Photo of Pedro's tiny room from the entrance. There are probably less than 3 square ft of free space in there, and the bed, which has no mattress, is less than 4 ft long.

Pedro sitting on his bed

Pedro sitting on his bed.

The space isn’t remotely resistant to the elements: when there is rain, his home floods; when there is wind outside, there is wind inside. At night, despite his clothing and blankets, Pedro is cold. He has no nearby access to a bathroom or drinking water. It was very difficult for me to hide the impression that all of this had made on me as I carefully explained to Pedro and a neighbor the medicinal instructions.

A couple of weeks went on as we delivered (to the neighbor’s yard) Pedro’s lunch and medicine refills, but the image of his ‘home’ was constantly on my mind, and I was trying all the while to figure out a way to move him out of there.

Finally—just yesterday!—we got a terrific offer. Mayan Families’ managers Gloria and Julio reached a couple of Pedro’s especially helpful neighbors (who had been out of town) and learned that a rentable room in their home is about to be vacated. We can rent this room for Pedro, equipped with light and access to a bathroom, for $65 a month. Aside from the relative affordability of this offer (even relative to local prices), it’s a great opportunity because Pedro would be living with the few caring, familiar faces and helping hands that he knows.

If we could each give a little, it would make a world of difference for Pedro.
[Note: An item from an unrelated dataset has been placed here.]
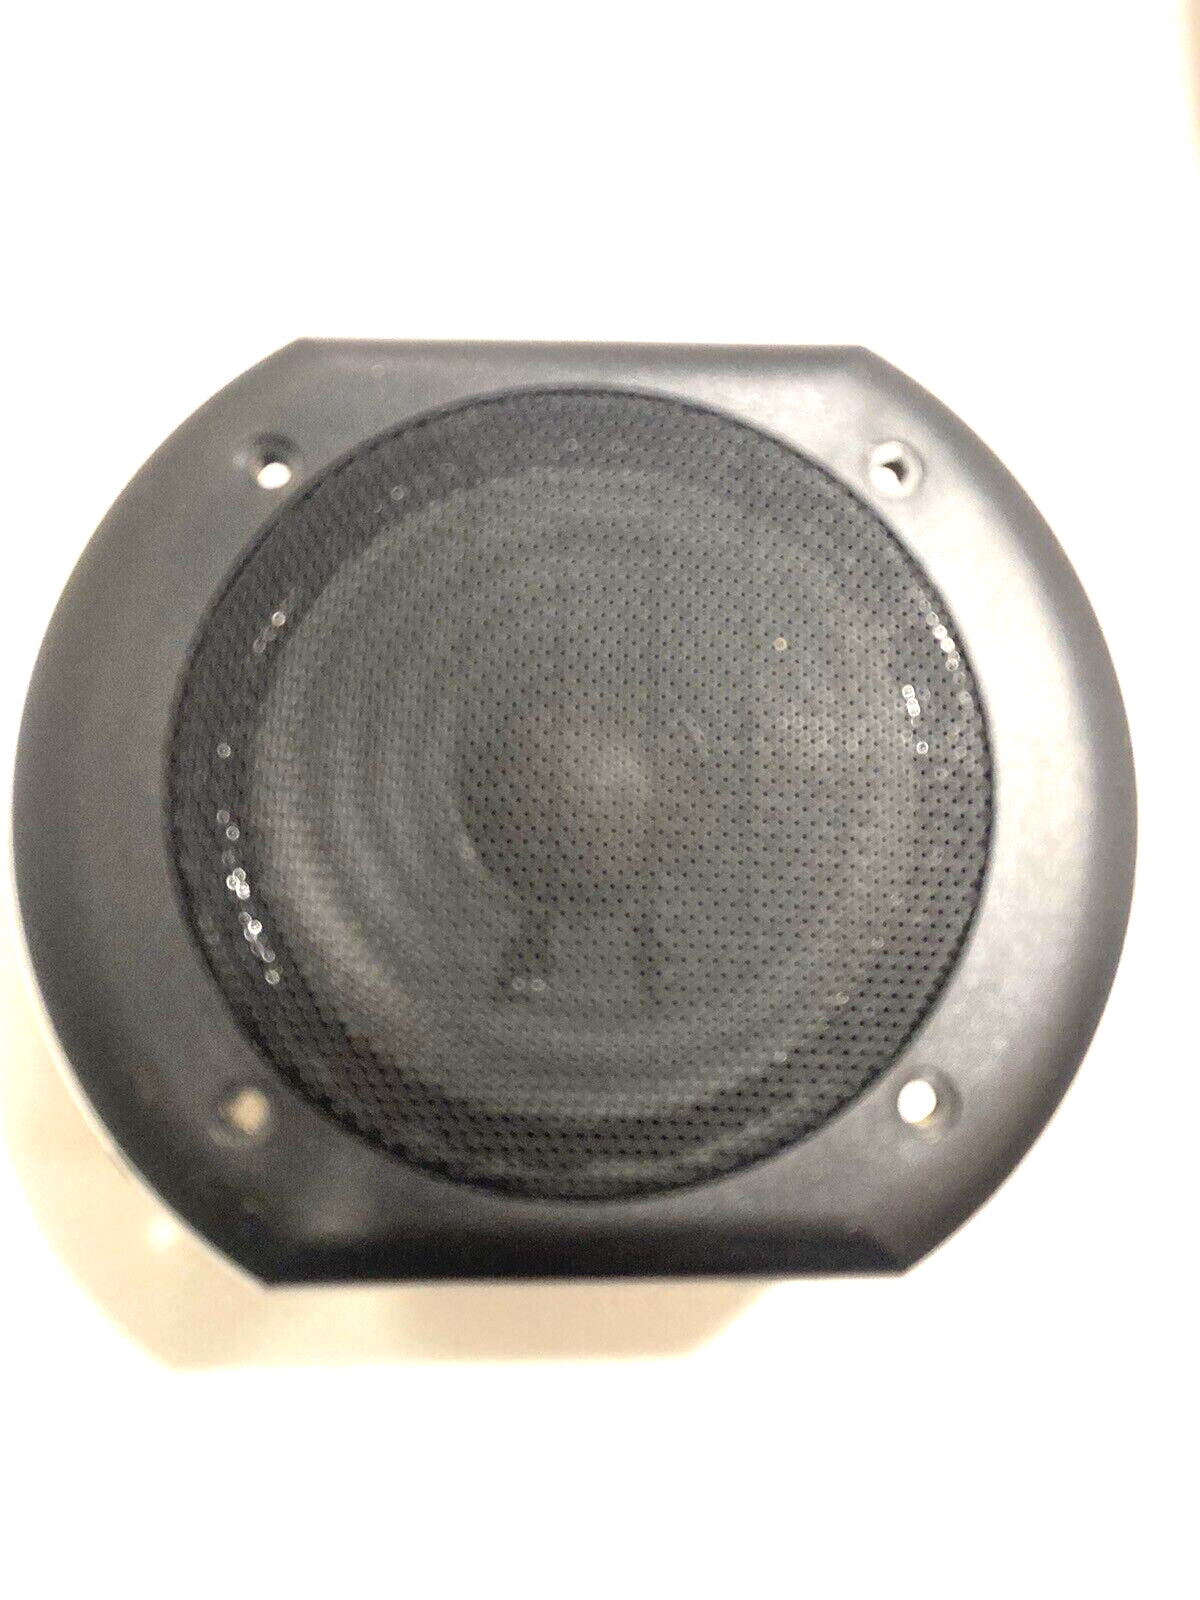 Cerwin Vega VS-100 Speaker - Midrange Speaker  with Screws. Tested  OEM
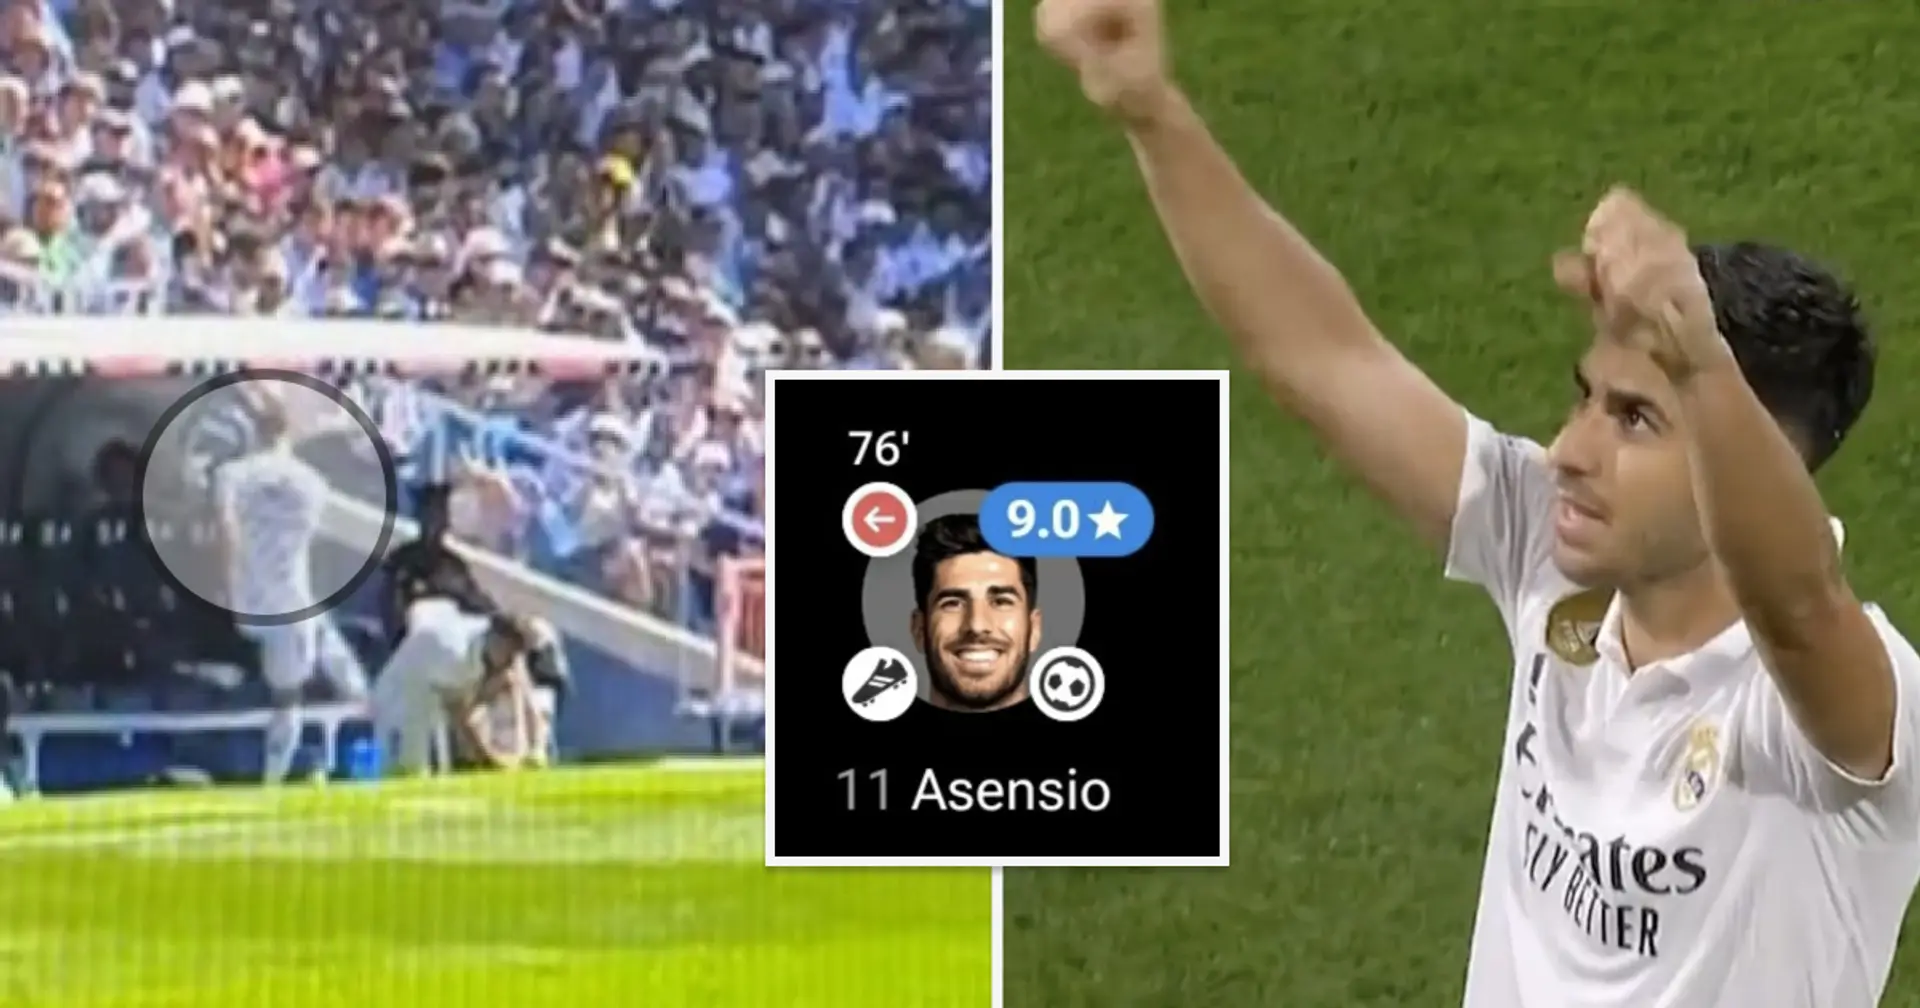 "Seitdem ist er nicht mehr derselbe": Fan zeigt den genauen Moment, als Asensio wieder anfing zu glänzen

A monthly or one-time donation of any amount would be so appreciated. (If each person makes just a $5 monthly donation, we would only need 13 people to give Pedro a warm and safe home!) To make such a monthly donation, please click here and enter “Elderly Care, Pedro” next to Other Program. To make a one-time donation, please click here and enter “Elderly Care, Pedro” in the other box.

Thank you so much for your time and consideration!


  1. I will send a check for $60.00. I need to know to whom I make the check payable and where to send it.

    • Harriett, thank you so much. You should send the check to

      Mayan Families
      P,O. Box 52
      Claremont, N.C. 28610

      and make it payable to Mayan Families. Please indicate that it is “for Pedro Hulahu’s housing, Elderly Care”.
      Again, a million thanks! This is so exciting–we already have Pedro’s first month covered!